## [Task requirements]
Transcribe every line of the material below without change, apart from dropping the pictures.

**** The data

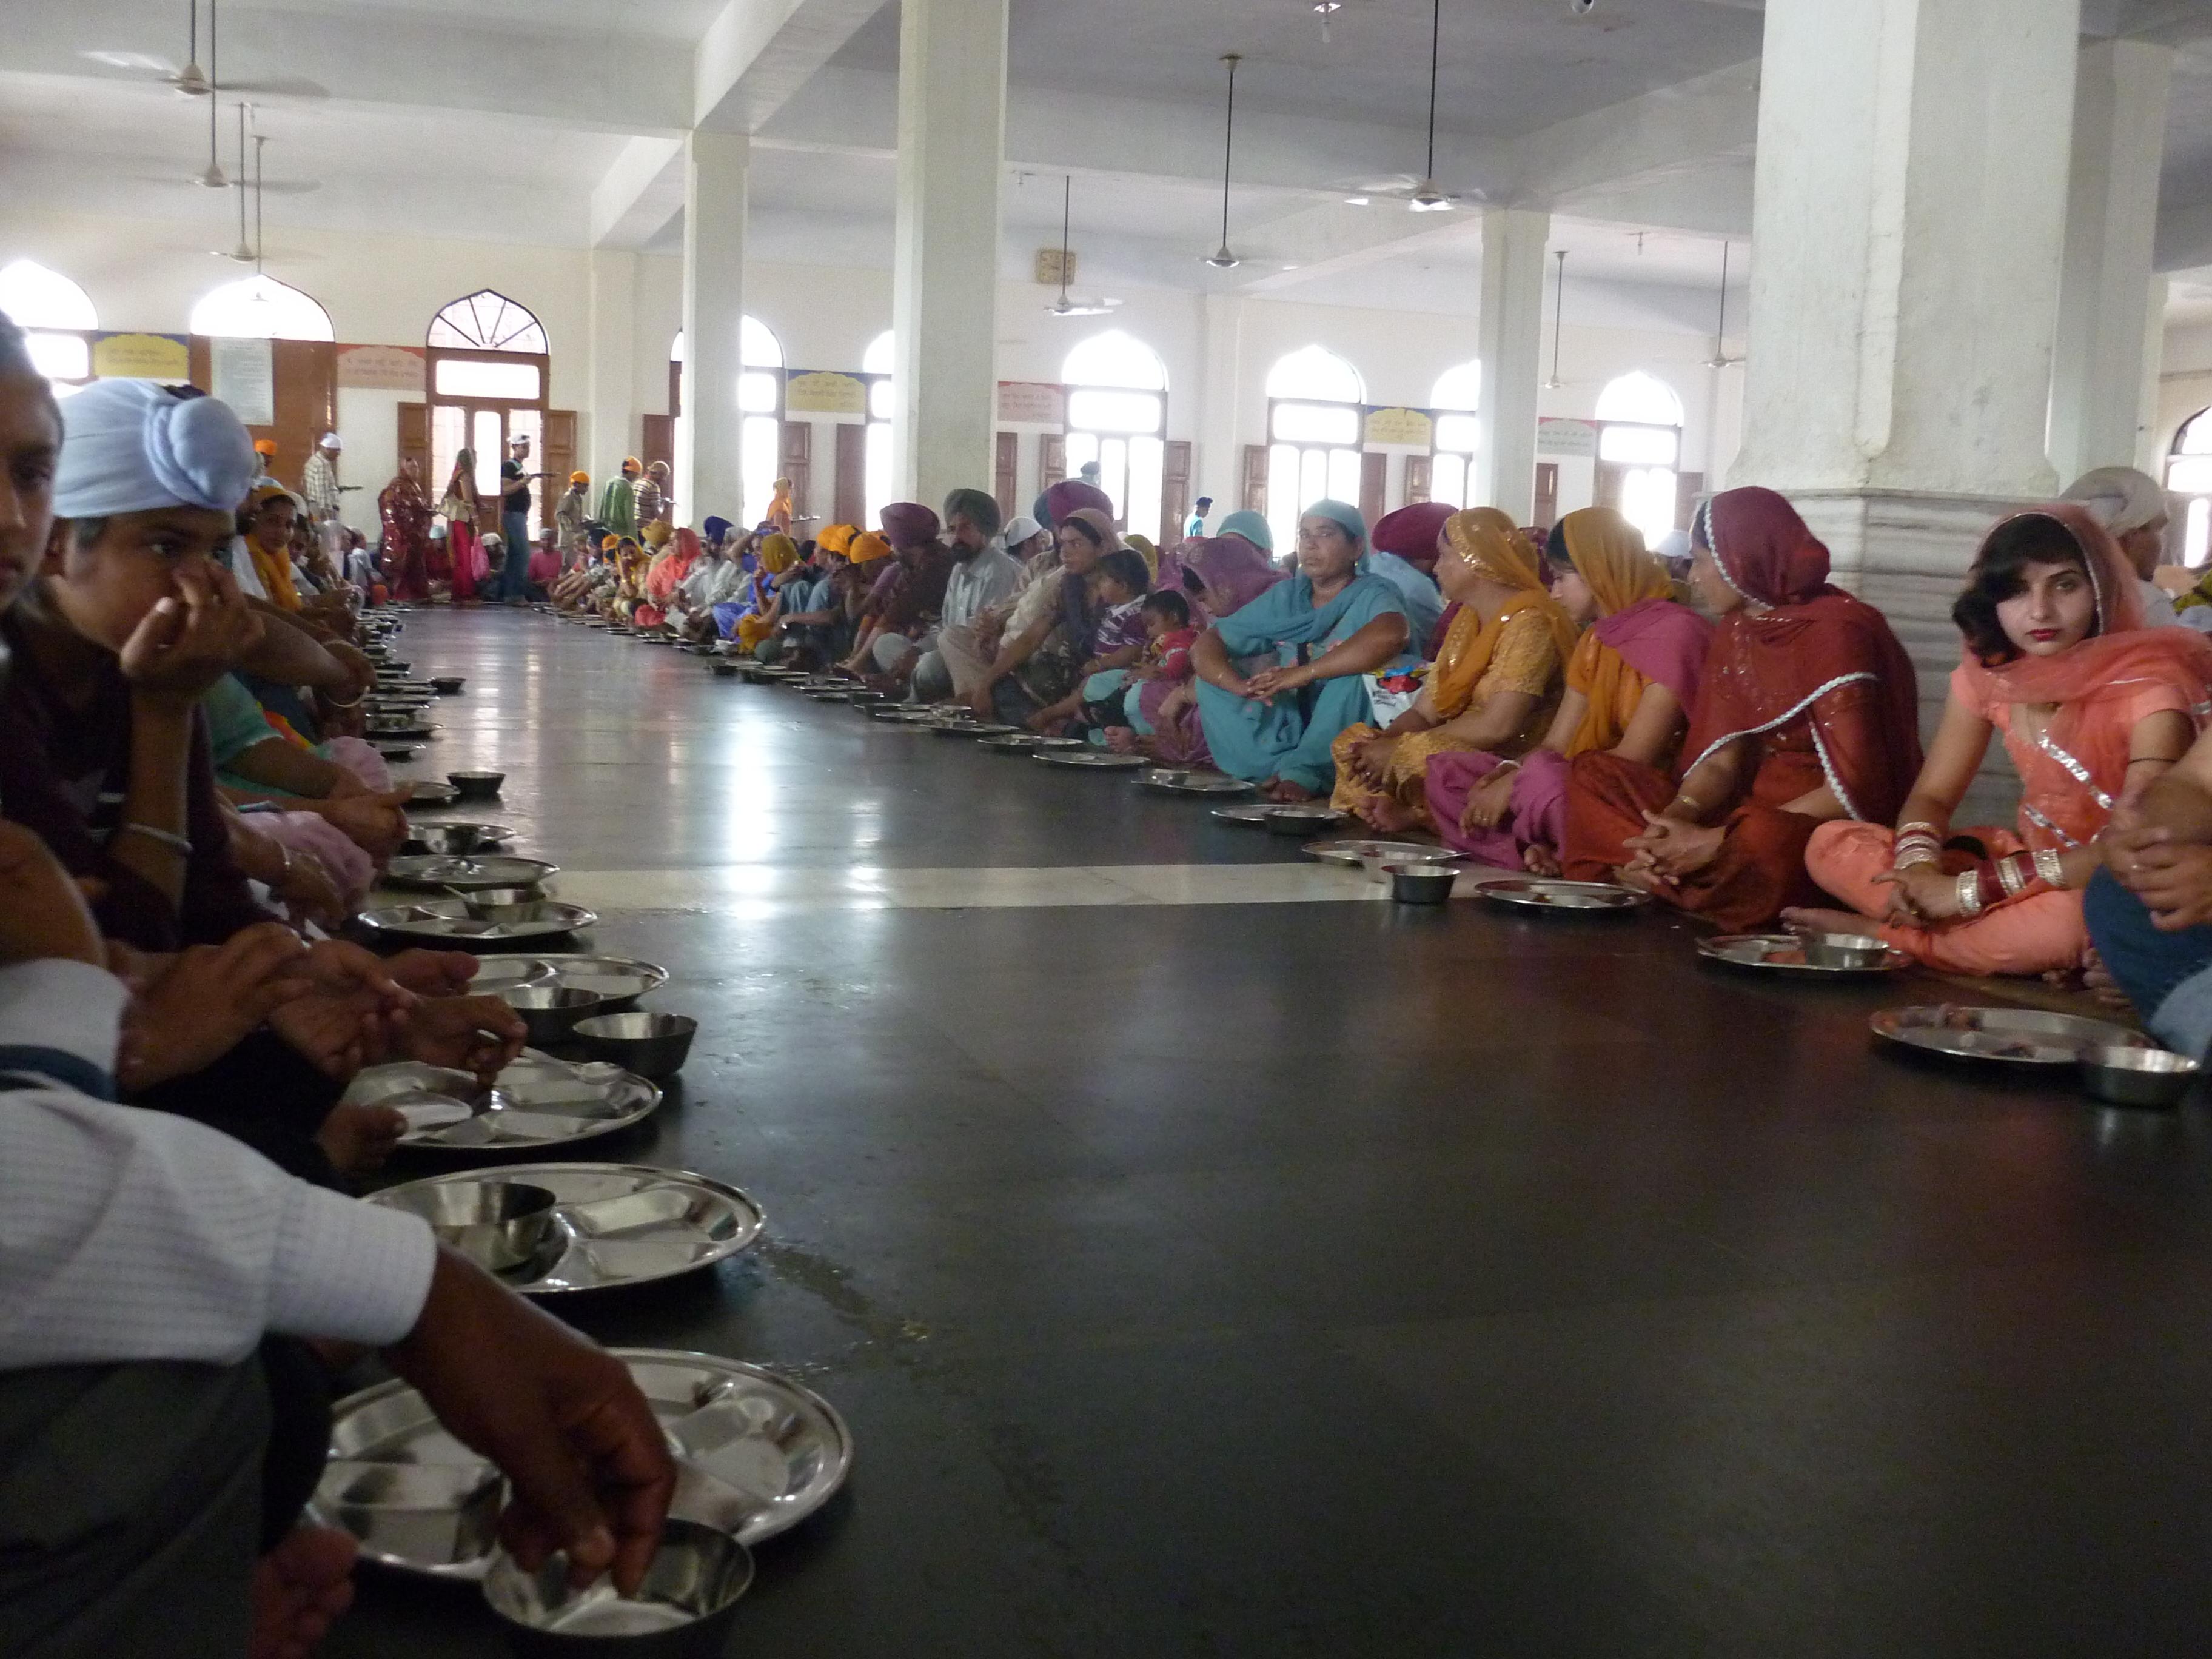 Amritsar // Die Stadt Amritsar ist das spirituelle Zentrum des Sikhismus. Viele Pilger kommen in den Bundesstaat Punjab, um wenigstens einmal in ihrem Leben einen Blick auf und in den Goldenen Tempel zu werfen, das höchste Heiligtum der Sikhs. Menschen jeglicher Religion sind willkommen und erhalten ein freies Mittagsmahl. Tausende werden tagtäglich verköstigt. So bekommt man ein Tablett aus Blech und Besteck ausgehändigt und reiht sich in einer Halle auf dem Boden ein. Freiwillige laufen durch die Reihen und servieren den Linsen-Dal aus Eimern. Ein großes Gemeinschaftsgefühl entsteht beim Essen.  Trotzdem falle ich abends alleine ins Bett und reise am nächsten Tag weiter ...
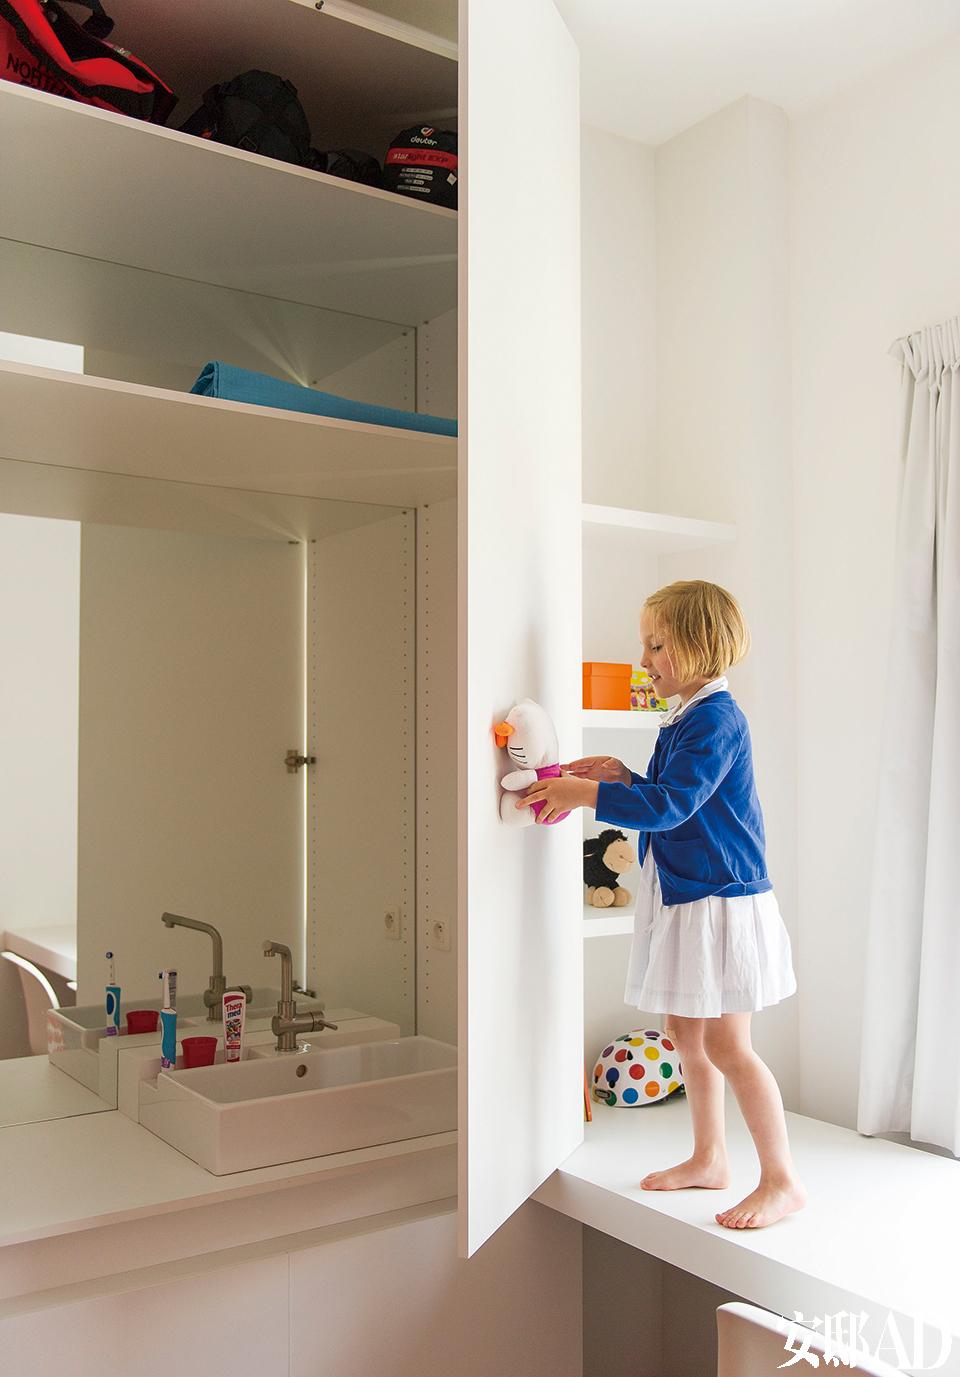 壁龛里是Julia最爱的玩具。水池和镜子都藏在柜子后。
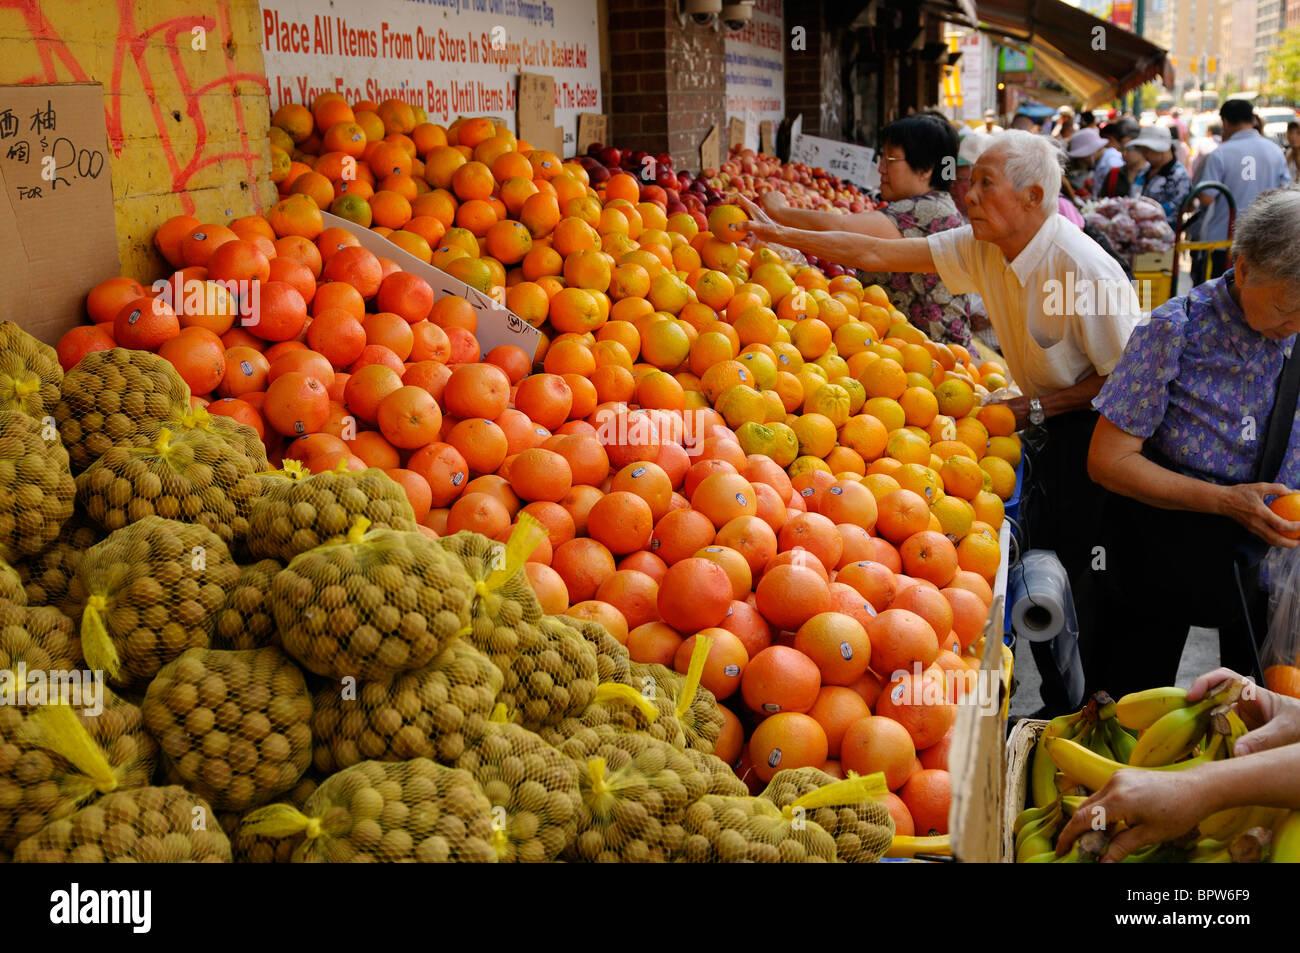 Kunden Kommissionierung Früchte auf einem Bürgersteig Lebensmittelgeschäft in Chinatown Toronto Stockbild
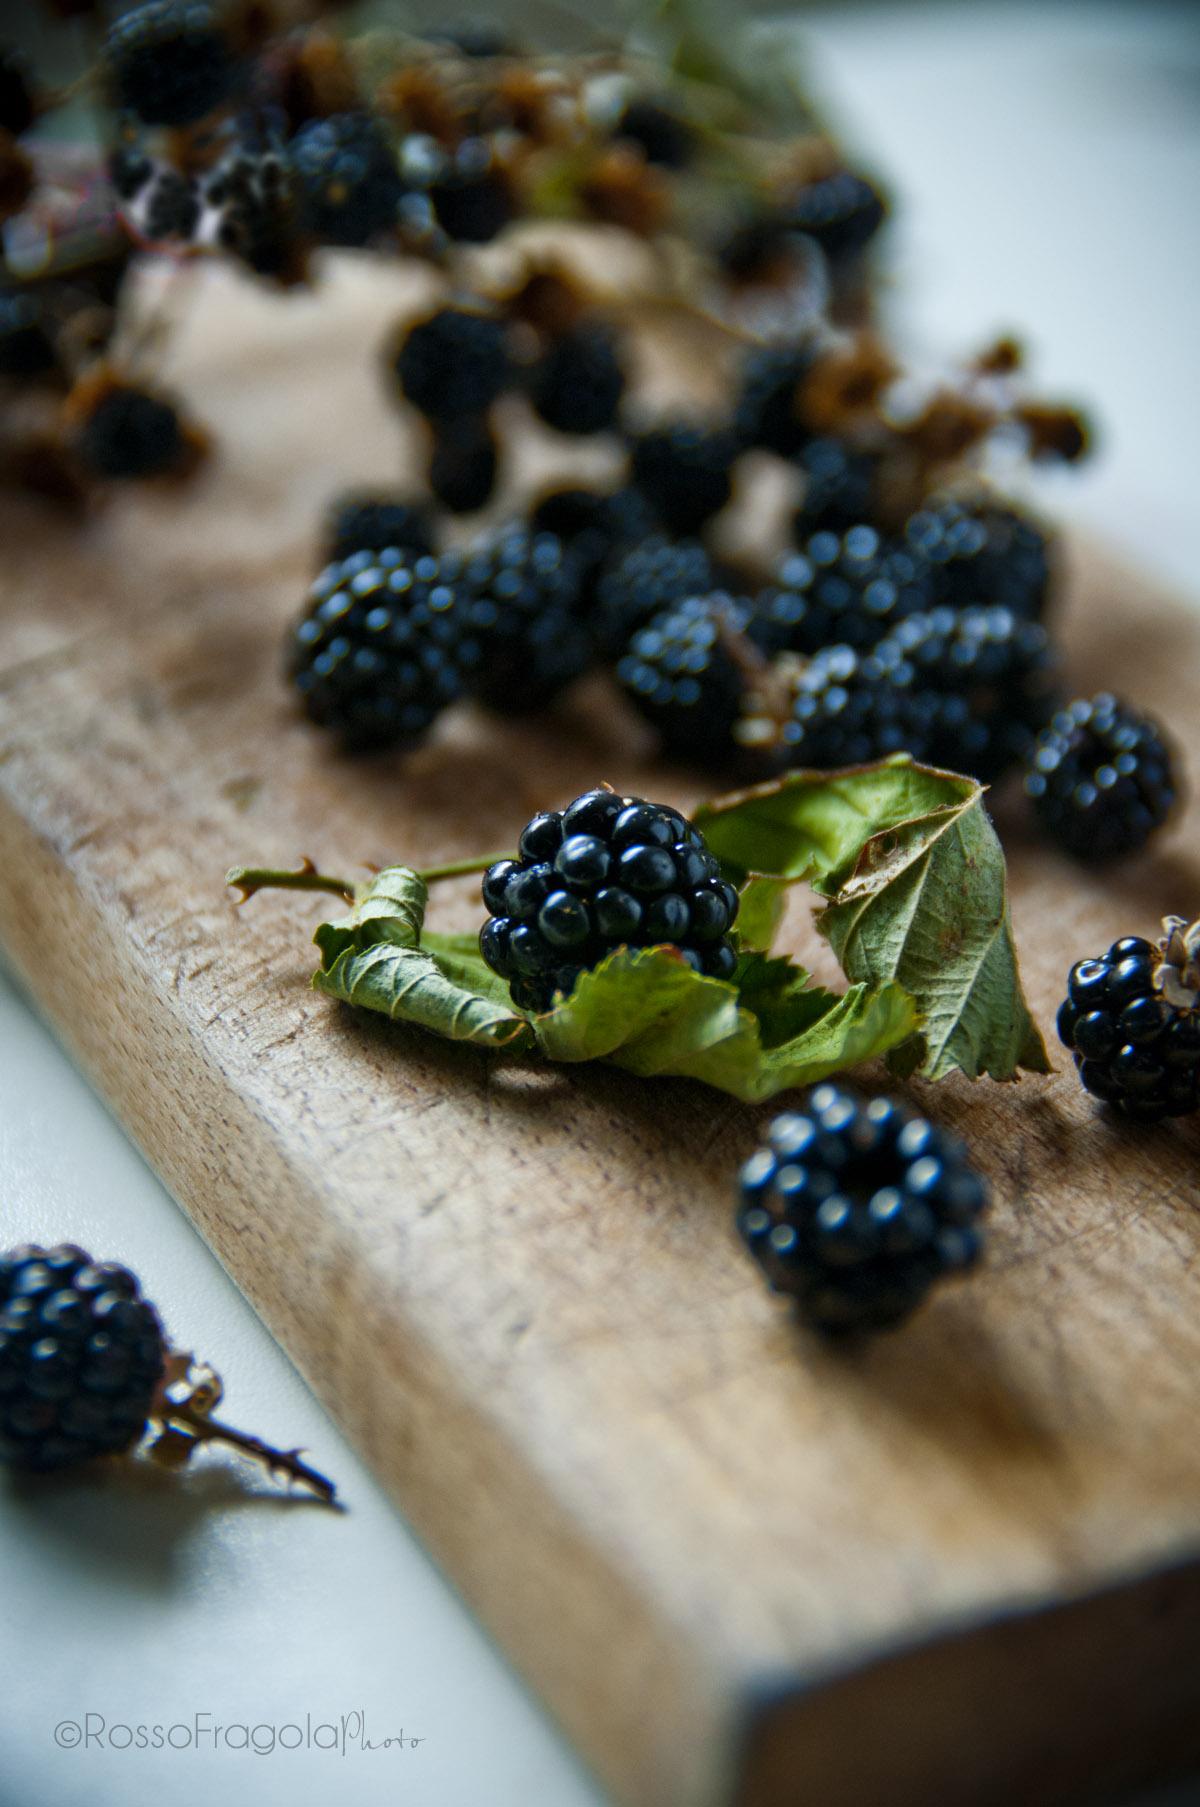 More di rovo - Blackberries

********

## [Output for this exercise]
 Amritsar // Die Stadt Amritsar ist das spirituelle Zentrum des Sikhismus. Viele Pilger kommen in den Bundesstaat Punjab, um wenigstens einmal in ihrem Leben einen Blick auf und in den Goldenen Tempel zu werfen, das höchste Heiligtum der Sikhs. Menschen jeglicher Religion sind willkommen und erhalten ein freies Mittagsmahl. Tausende werden tagtäglich verköstigt. So bekommt man ein Tablett aus Blech und Besteck ausgehändigt und reiht sich in einer Halle auf dem Boden ein. Freiwillige laufen durch die Reihen und servieren den Linsen-Dal aus Eimern. Ein großes Gemeinschaftsgefühl entsteht beim Essen.  Trotzdem falle ich abends alleine ins Bett und reise am nächsten Tag weiter ...
 壁龛里是Julia最爱的玩具。水池和镜子都藏在柜子后。
 Kunden Kommissionierung Früchte auf einem Bürgersteig Lebensmittelgeschäft in Chinatown Toronto Stockbild
 More di rovo - Blackberries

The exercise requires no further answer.